The end for Blackrock baths

Updated: September 3, 2012

Dublin’s famous Blackrock baths are set to be demolished after Dún Laoghaire-Rathdown County Council deemed the baths to be ‘dangerous structures’.

The baths were the premier venue in Ireland for watersports such as swimming and diving but closed in the 1980s following the introduction of indoor heated pools.

Former Irish Olympian Eddie Heron was just one of the famous Irish swimmers and divers who used the pool during its heyday.

Many people had hoped they would one-day reopen but today’s news looks set to be the end for the famous venue which once boasted of a 50m pool, high diving platform and a capacity of 1,000 for spectators.

In a statement the council said the baths had suffered extensive damage from the weather and the sea, also saying that the structure was now a danger to the public.

The statement continued: “The pool structure is beyond repair and the seating and changing block . . . is in danger of collapse.
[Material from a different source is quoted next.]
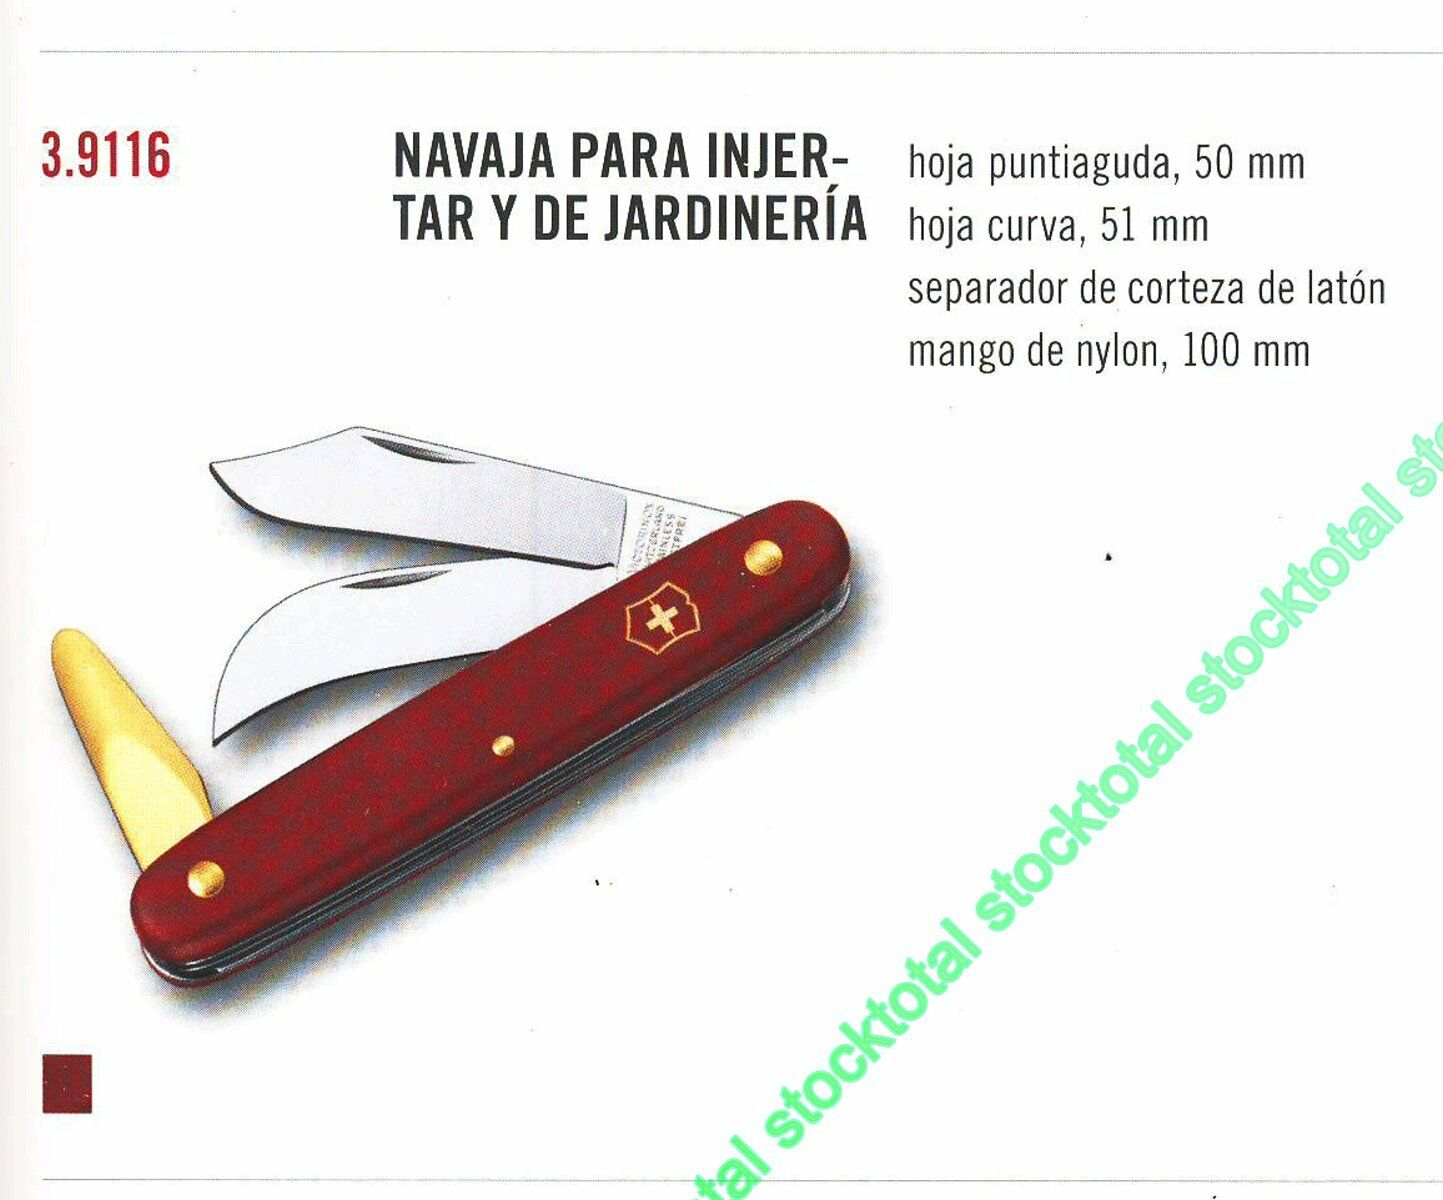 NAVAJA VICTORINOX PARA INJERTAR Y JARDINERIA 39116 3.9116
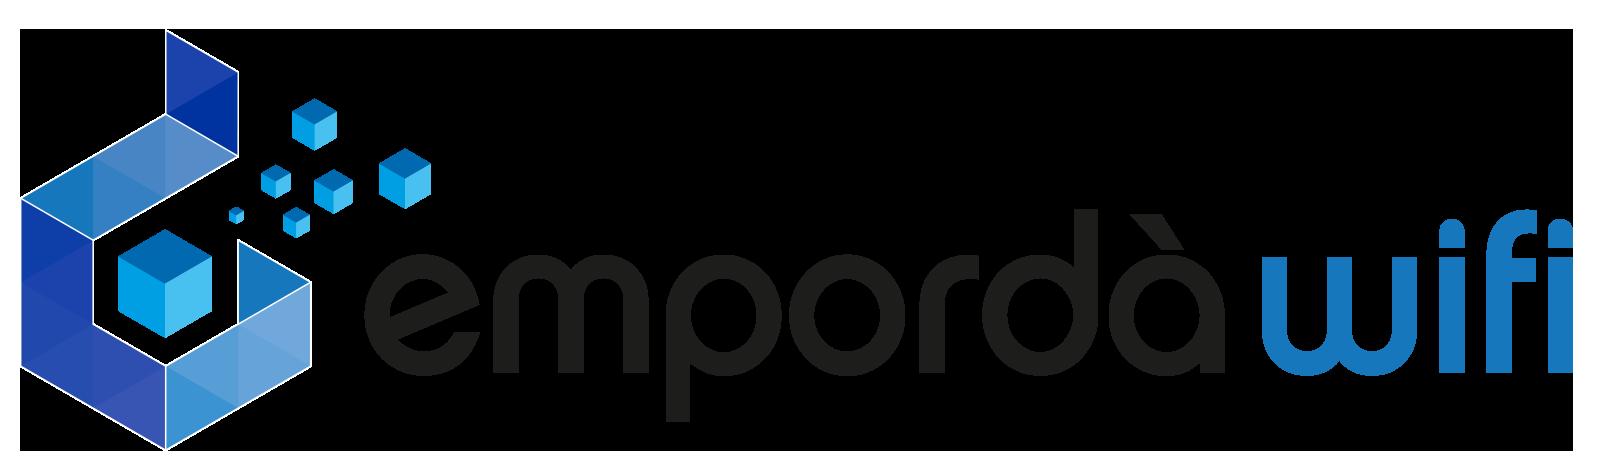 Empordà Wifi Logo

The guard rails to the upper seating area have rusted away and the steps are exposed.”

Following an inspection by an independent consultant, the council’s county architect, Andree Dargan, has said the structures on the site have become ‘dangerous structures’ within the meaning of the Local Government (Sanitary Services) Act, 1964.

Mr Dargan continued that measures would have to be taken to ‘remove the danger’, with the architect saying: “The council is now proceeding to make arrangements to carry out the necessary demolition work, including the removal of the diving platform.

“The elements of the structures and pool/sea wall that are not considered to be dangerous will be retained.”
The council has said that pending demolition work, the site will be subject to onsite security but County manager Owen Keegan said proposals were being made to improve the seafront including at the location of the baths.